* Exercise brief *
Print nothing except the line holding "Схема зарядки аккумулятора" and the lines that come after it in the material below, and leave the pictures out.

#### Input data

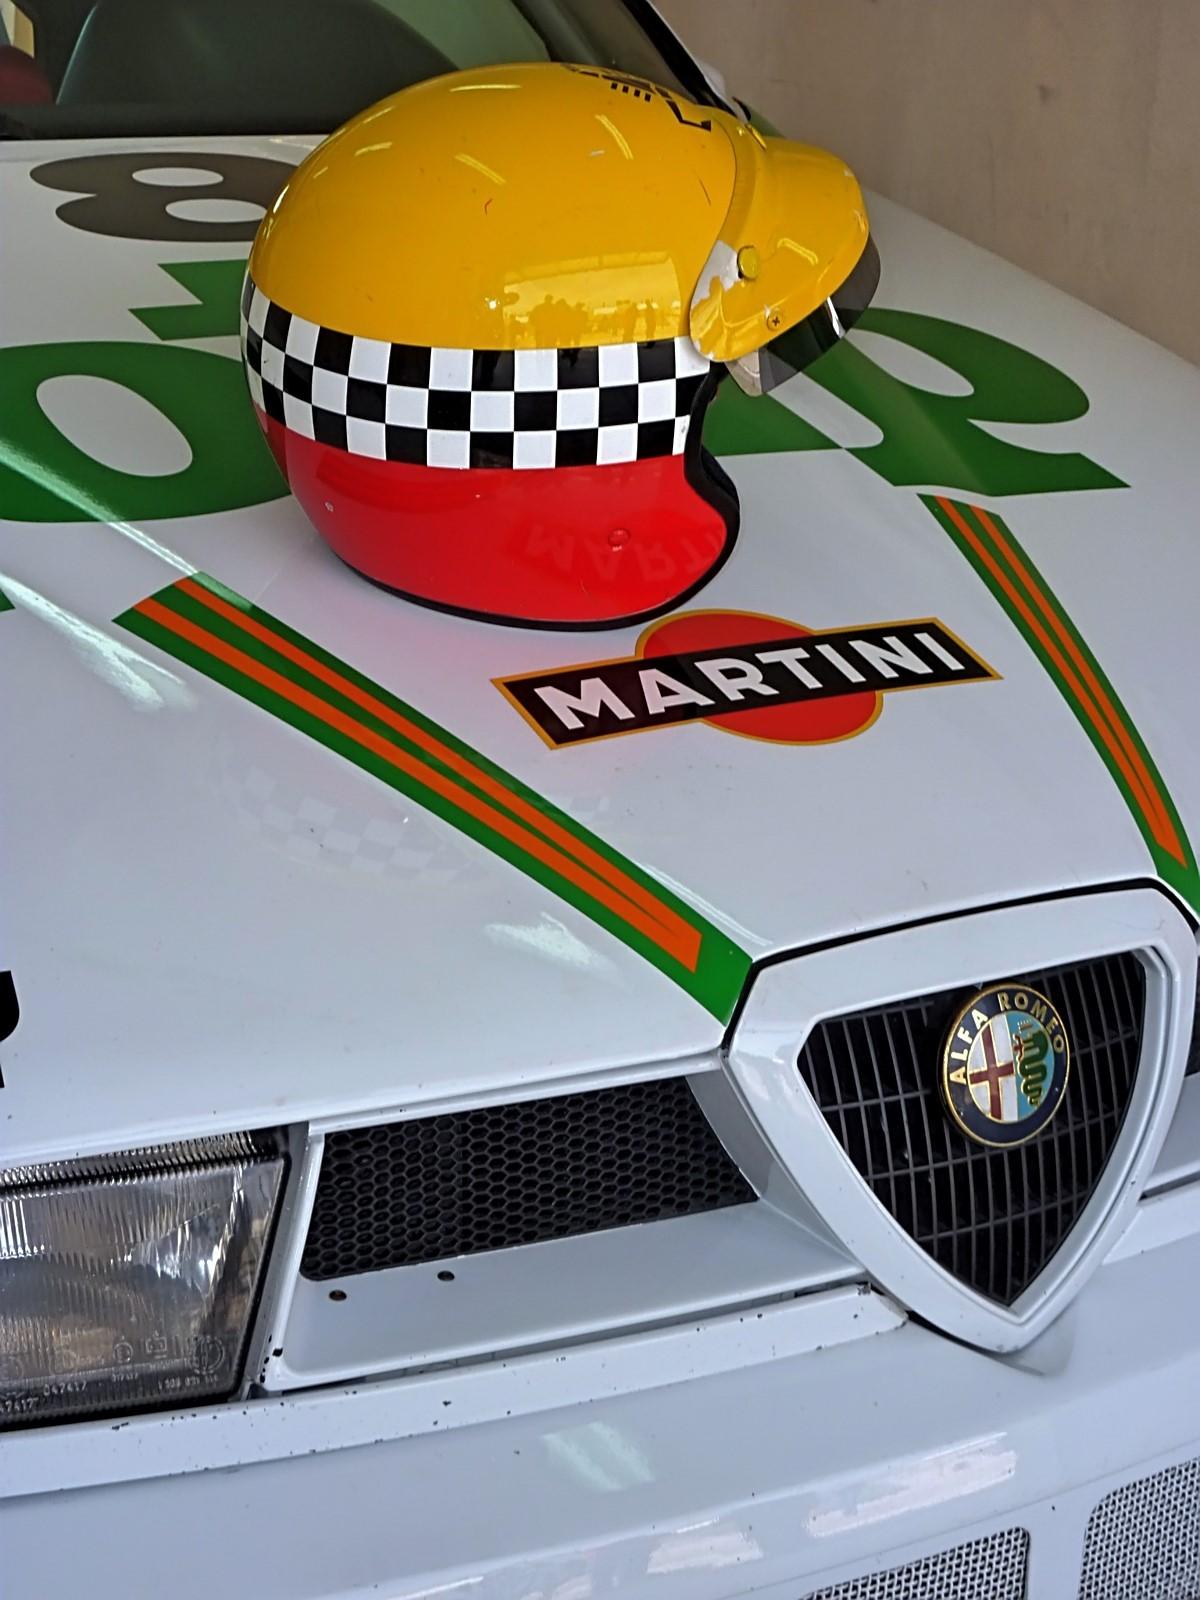 1992 Alfa Romeo 155 GTA S1 (49)
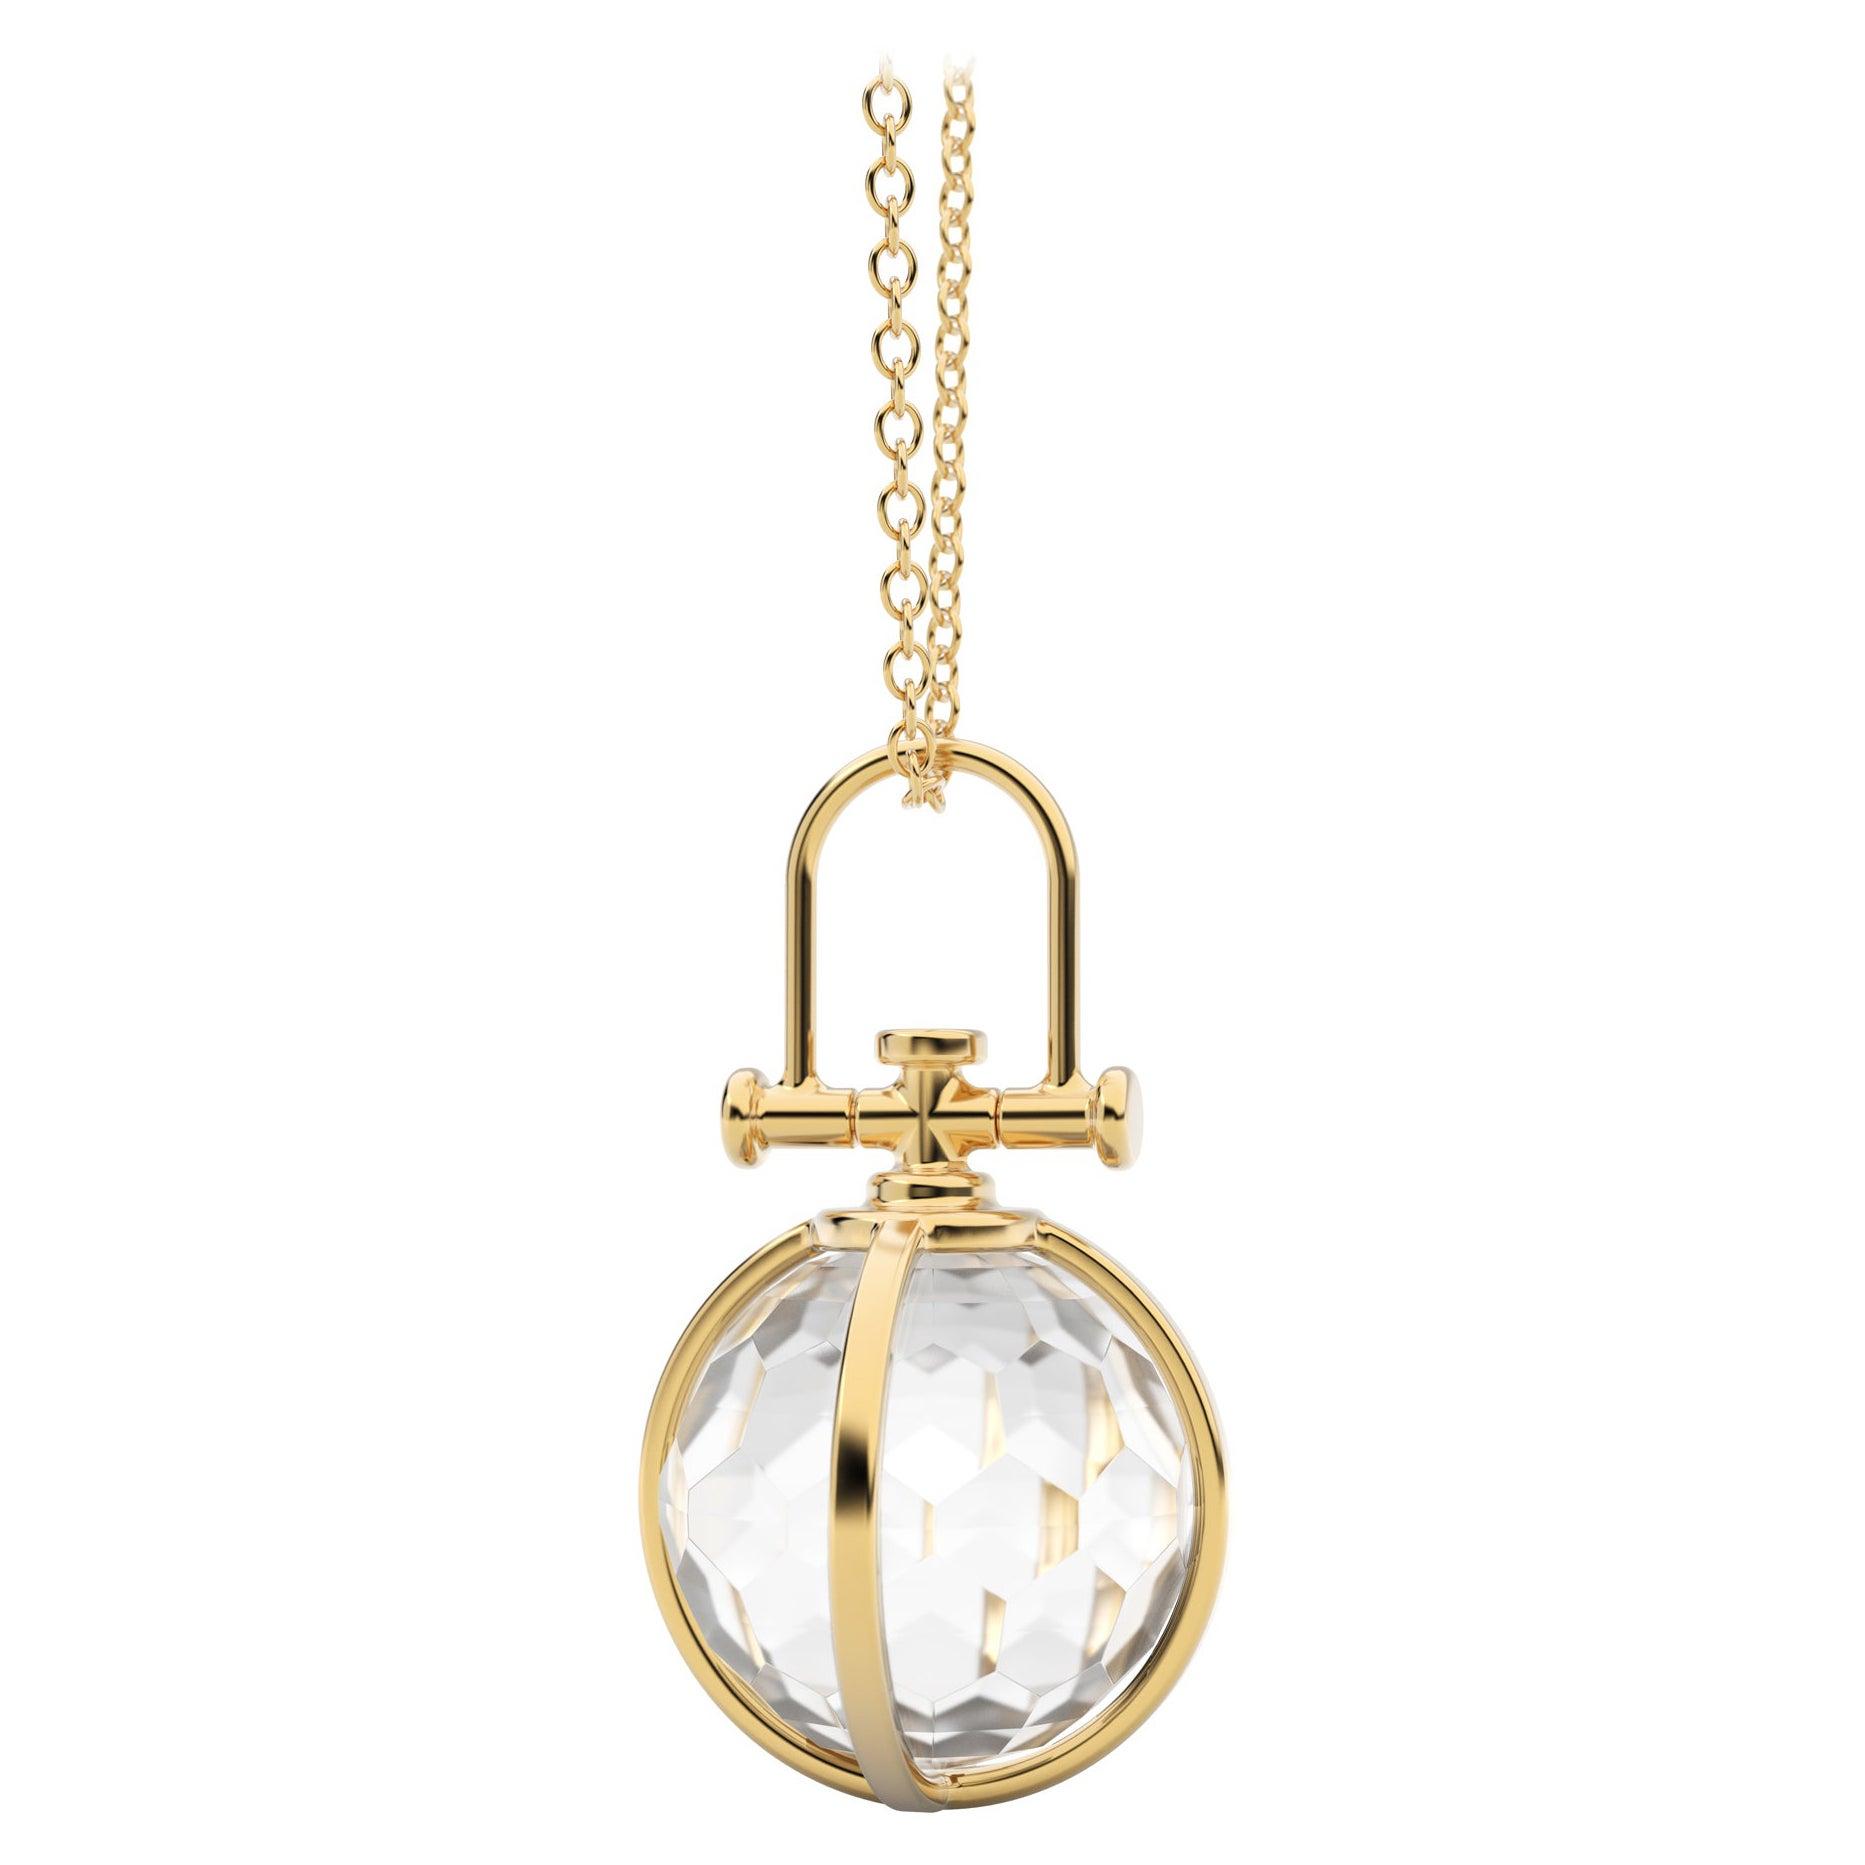 Modern Sacred 18K Gold Faceted Crystal Orb Amulet Necklace with Rock Crystal
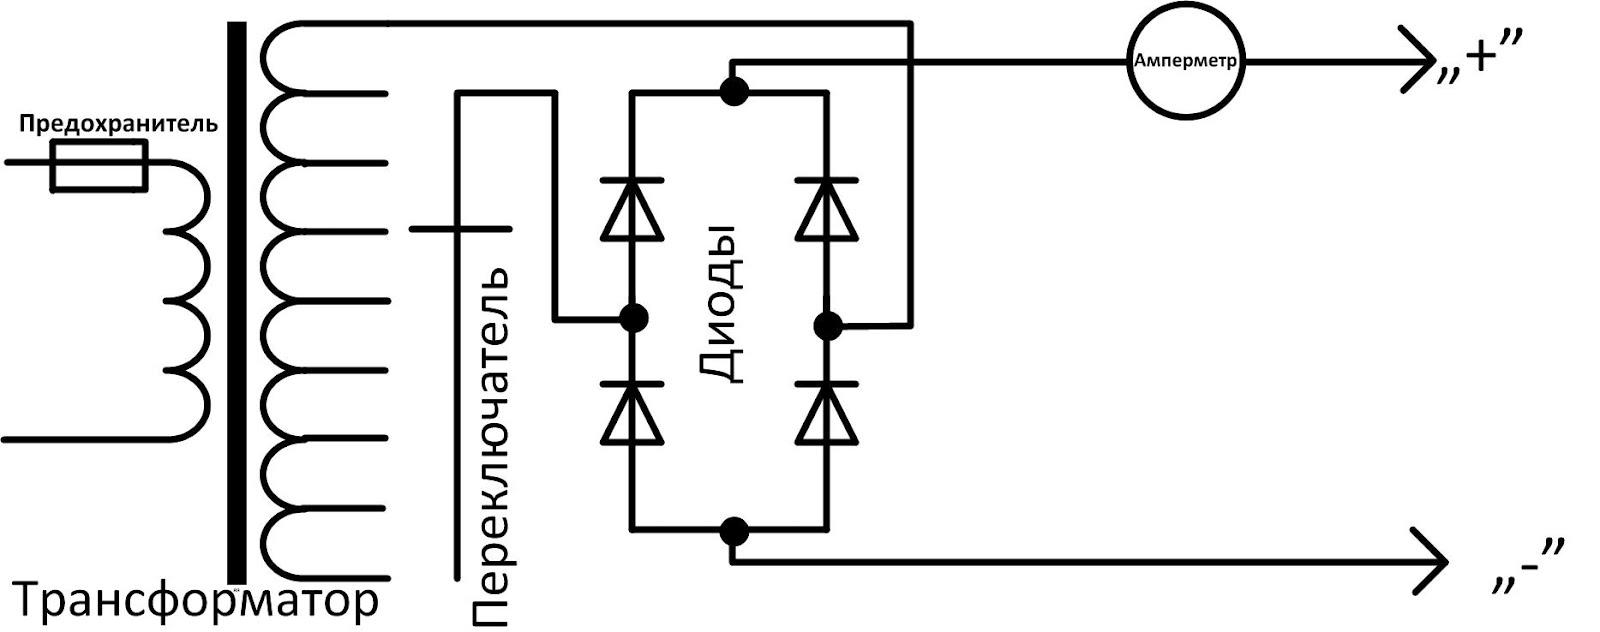 Схема зарядки аккумулятора своими руками на трансформаторе
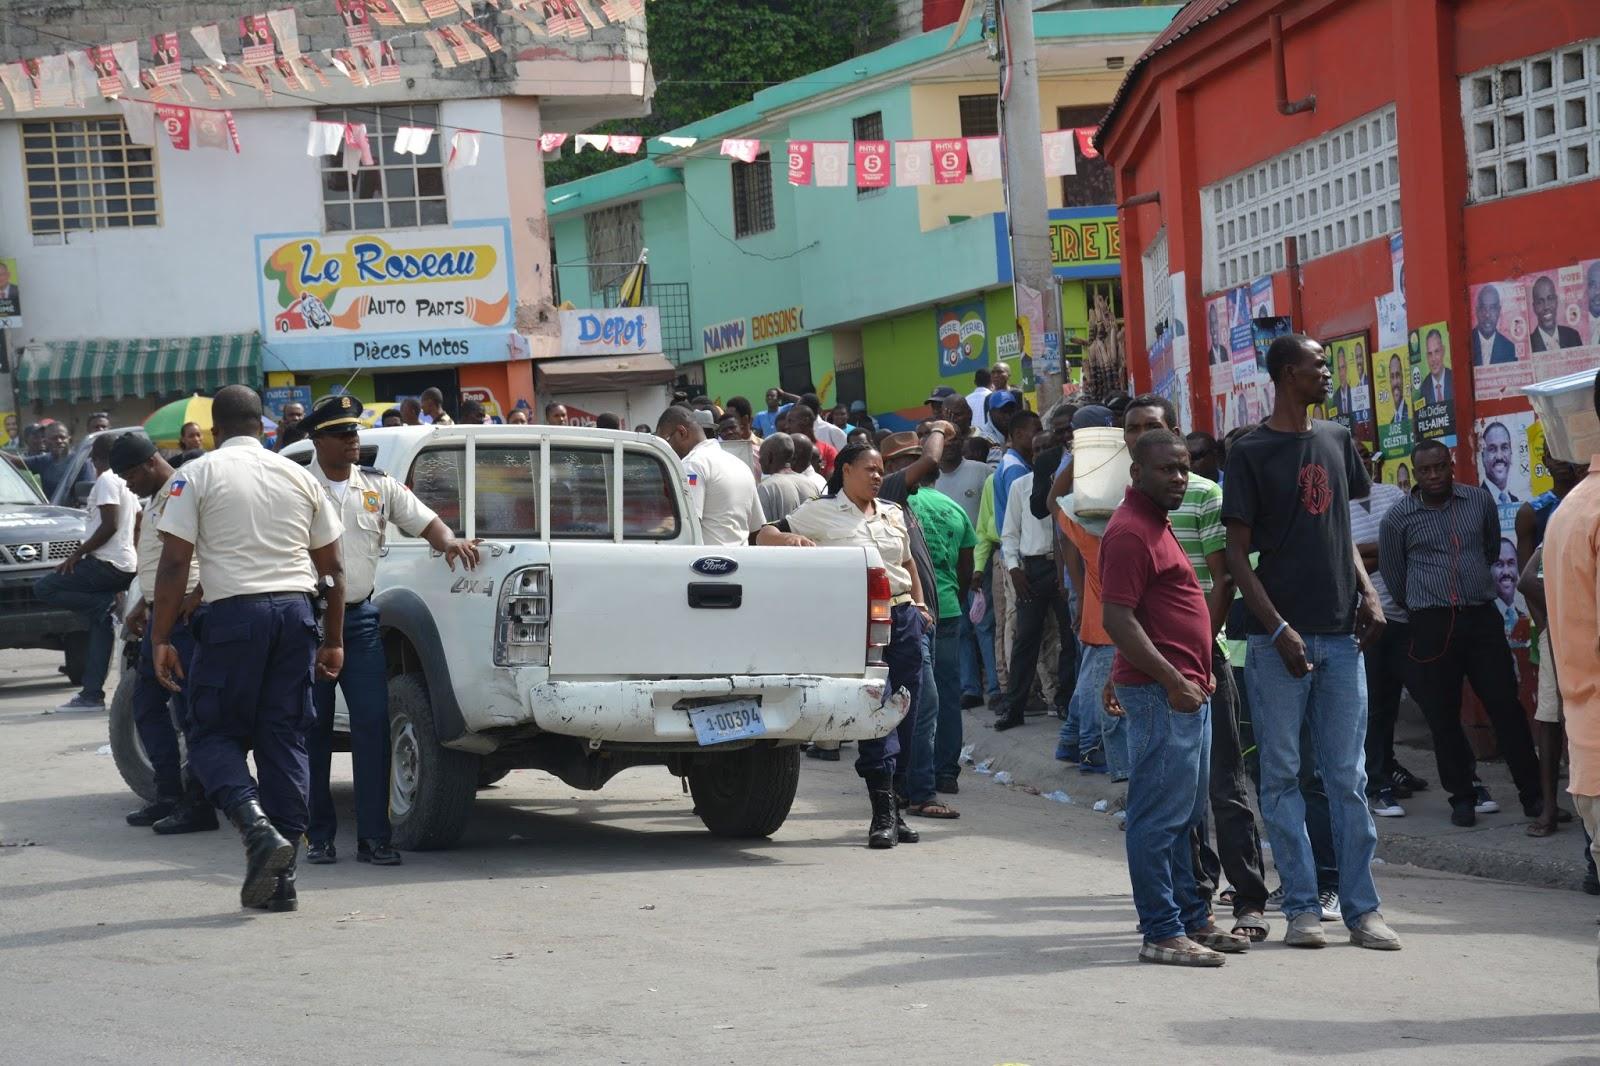 Haiti coram deo election day canape vert for Canape vert hospital haiti

########

* Exercise output *
 Схема зарядки аккумулятора своими руками на трансформаторе
 Haiti coram deo election day canape vert for Canape vert hospital haiti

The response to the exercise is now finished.